_Work order:_ Without reproducing any image, print the listing below exactly.

_Dataset excerpt:_
····················

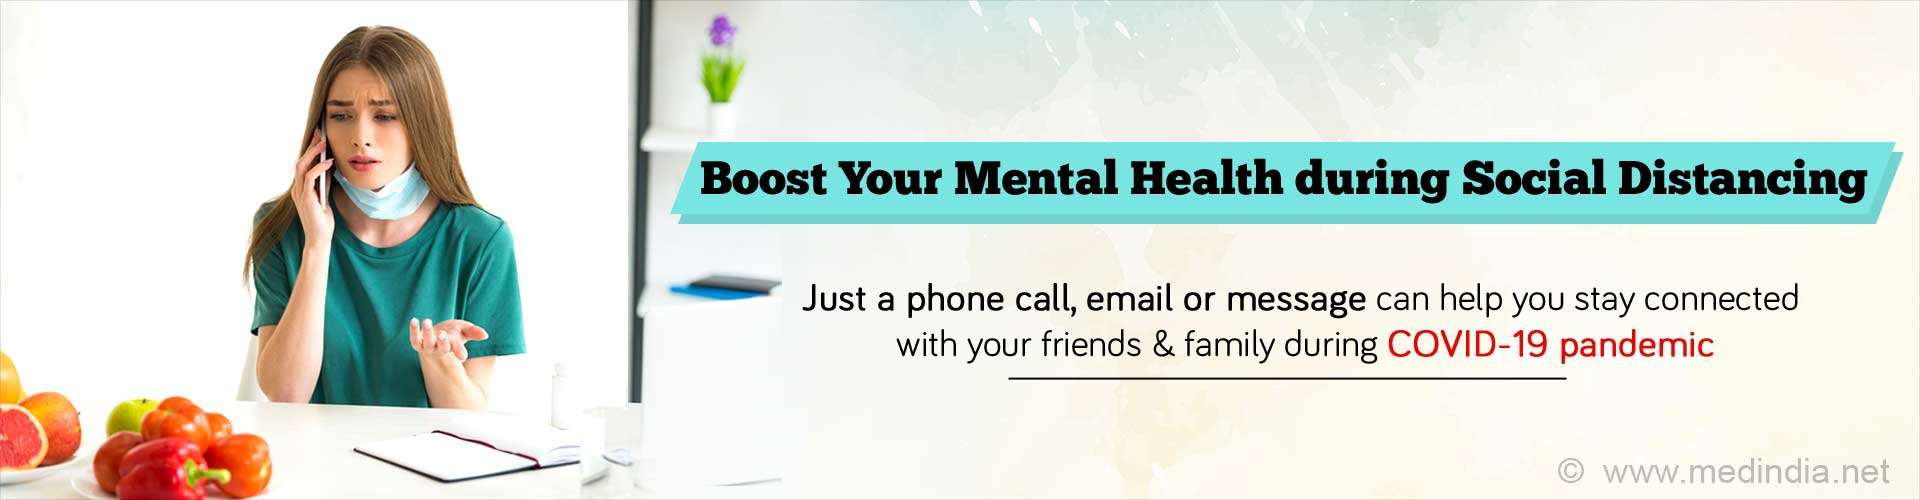 Boost your mental health during social distancing. Just a phone call, email or message can help you stay connected with your friends and family during COVID-19 pandemic.
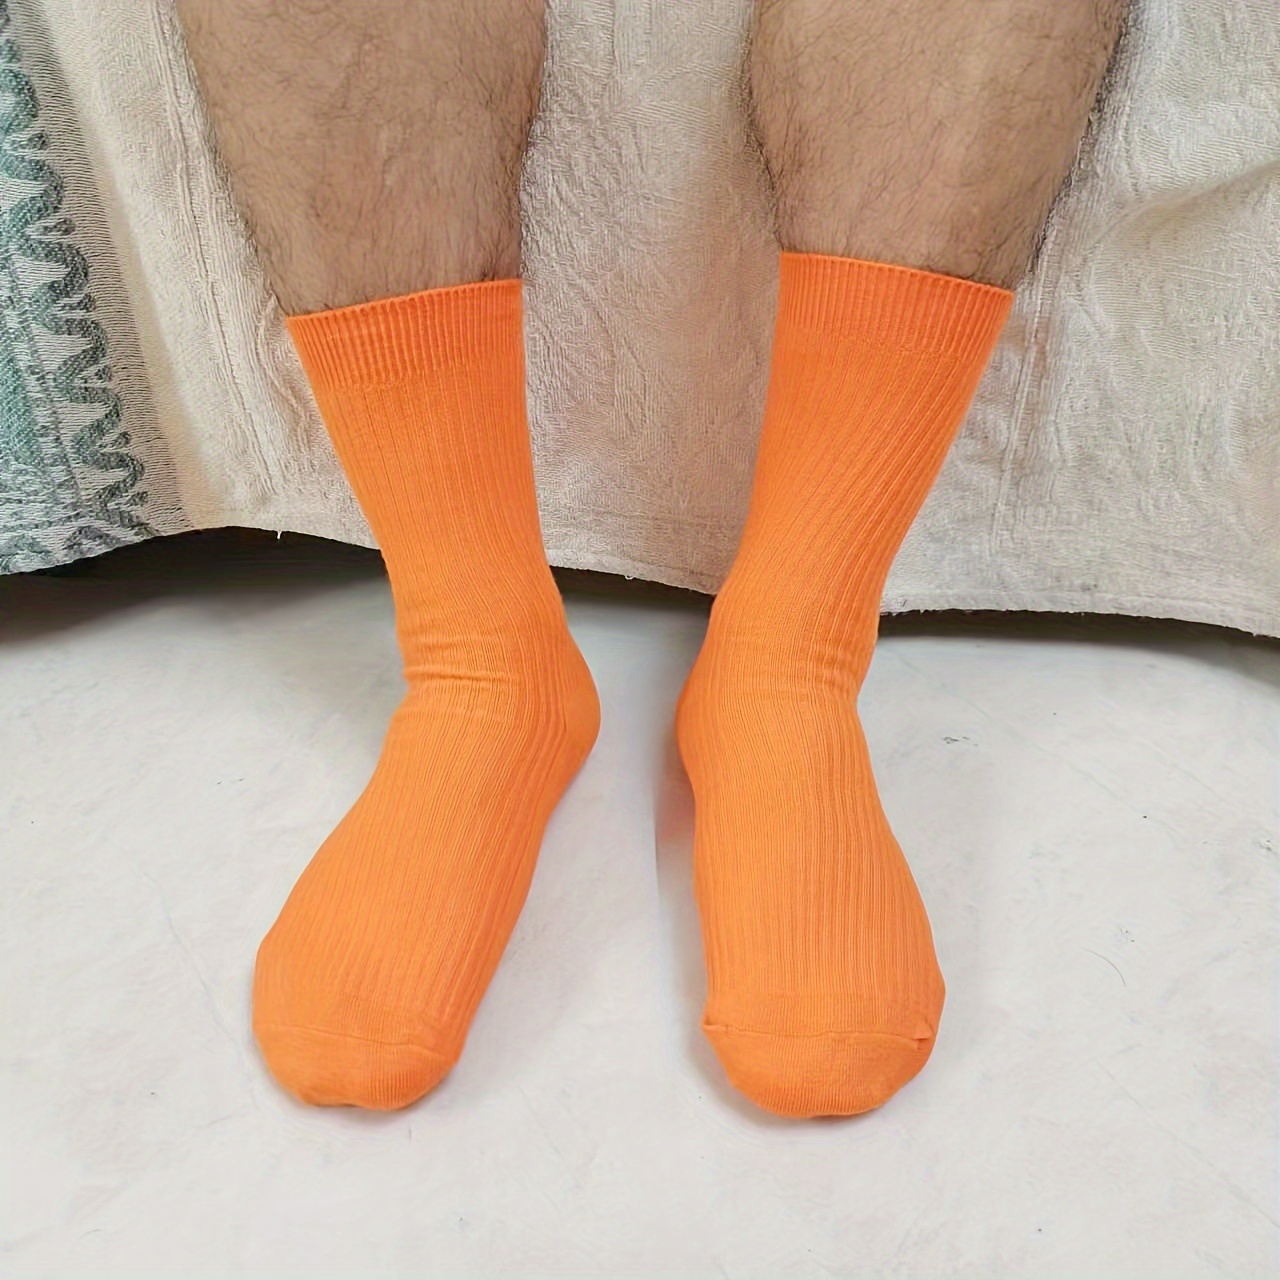 

1 Pair Of Men's Cotton Blend Bright Color Fashion Crew Socks, Comfy & Breathable Elastic Sport Socks, For Daily Wearing
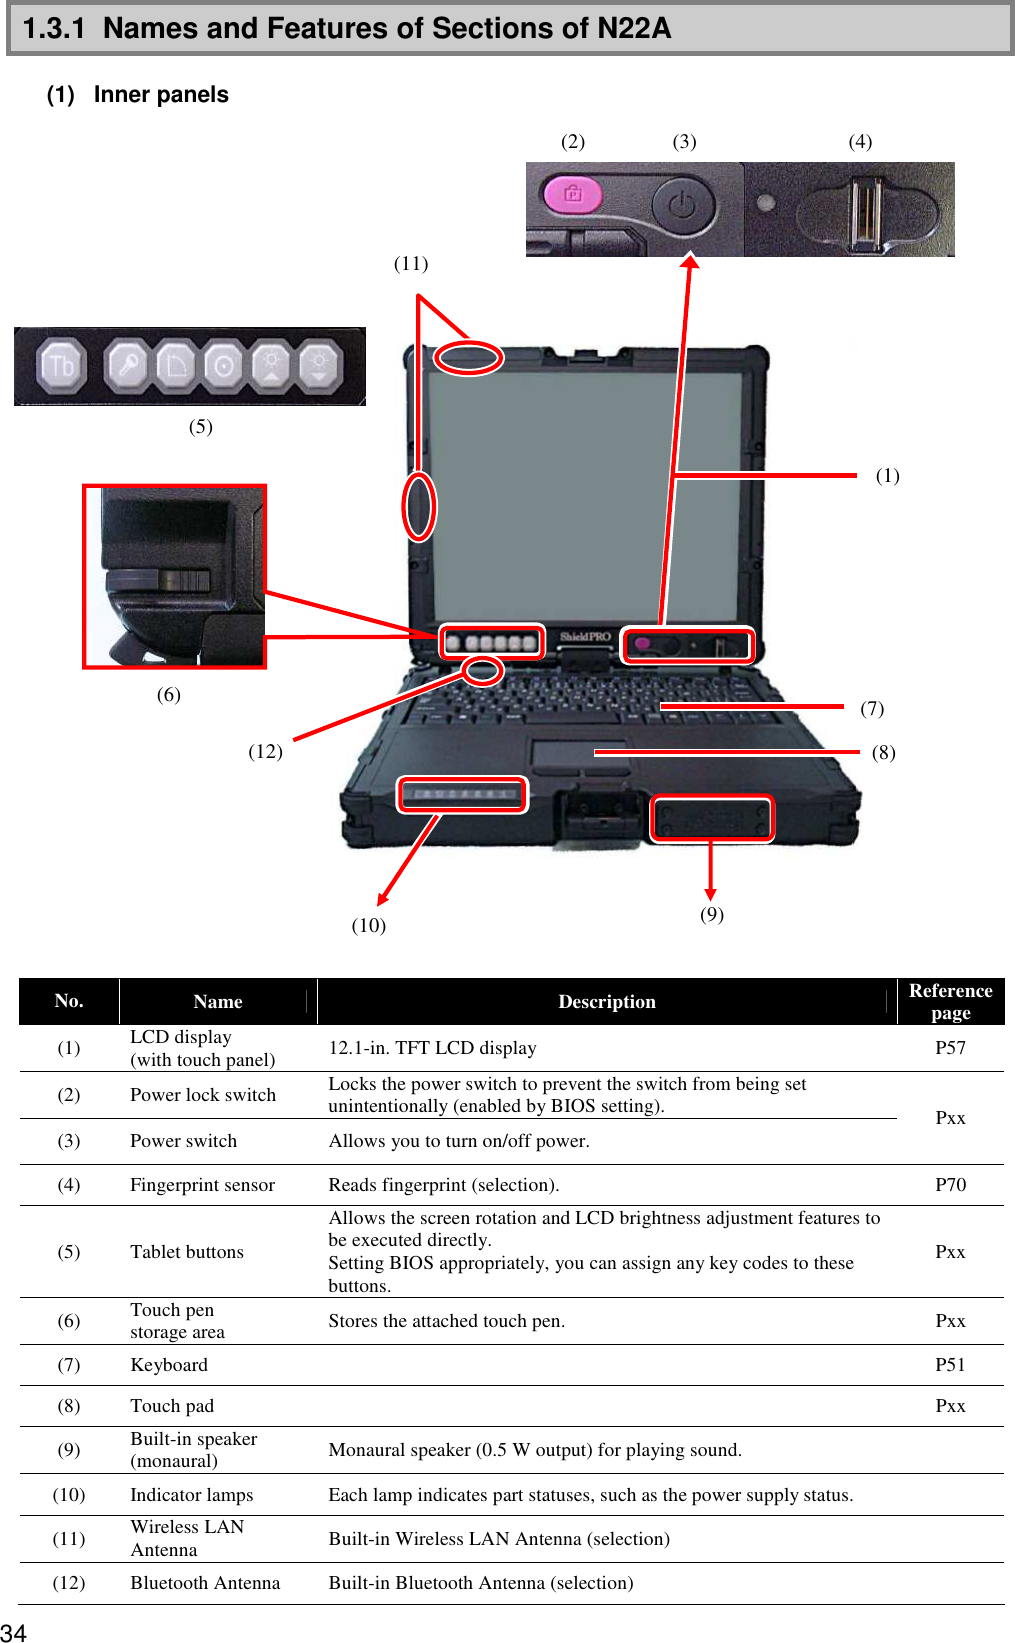 34 1.3.1  Names and Features of Sections of N22A  (1)  Inner panels                                  No.  Name  Description  Reference page (1)  LCD display (with touch panel)  12.1-in. TFT LCD display  P57 (2)  Power lock switch  Locks the power switch to prevent the switch from being set unintentionally (enabled by BIOS setting). (3)  Power switch  Allows you to turn on/off power. Pxx (4)  Fingerprint sensor  Reads fingerprint (selection).  P70 (5)  Tablet buttons Allows the screen rotation and LCD brightness adjustment features to be executed directly. Setting BIOS appropriately, you can assign any key codes to these buttons. Pxx (6)  Touch pen storage area  Stores the attached touch pen.  Pxx (7)  Keyboard    P51 (8)  Touch pad    Pxx (9)  Built-in speaker (monaural)  Monaural speaker (0.5 W output) for playing sound.   (10)  Indicator lamps  Each lamp indicates part statuses, such as the power supply status.   (11)  Wireless LAN Antenna  Built-in Wireless LAN Antenna (selection)   (12)  Bluetooth Antenna  Built-in Bluetooth Antenna (selection)    (2) (3) (4) (5) (6) (7) (8) (10) (9)  (1) (12) (11)

····················

_Reply to the exercise:_
 Boost your mental health during social distancing. Just a phone call, email or message can help you stay connected with your friends and family during COVID-19 pandemic.

1 Pair Of Men's Cotton Blend Bright Color Fashion Crew Socks, Comfy & Breathable Elastic Sport Socks, For Daily Wearing
 34 1.3.1  Names and Features of Sections of N22A  (1)  Inner panels                                  No.  Name  Description  Reference page (1)  LCD display (with touch panel)  12.1-in. TFT LCD display  P57 (2)  Power lock switch  Locks the power switch to prevent the switch from being set unintentionally (enabled by BIOS setting). (3)  Power switch  Allows you to turn on/off power. Pxx (4)  Fingerprint sensor  Reads fingerprint (selection).  P70 (5)  Tablet buttons Allows the screen rotation and LCD brightness adjustment features to be executed directly. Setting BIOS appropriately, you can assign any key codes to these buttons. Pxx (6)  Touch pen storage area  Stores the attached touch pen.  Pxx (7)  Keyboard    P51 (8)  Touch pad    Pxx (9)  Built-in speaker (monaural)  Monaural speaker (0.5 W output) for playing sound.   (10)  Indicator lamps  Each lamp indicates part statuses, such as the power supply status.   (11)  Wireless LAN Antenna  Built-in Wireless LAN Antenna (selection)   (12)  Bluetooth Antenna  Built-in Bluetooth Antenna (selection)    (2) (3) (4) (5) (6) (7) (8) (10) (9)  (1) (12) (11)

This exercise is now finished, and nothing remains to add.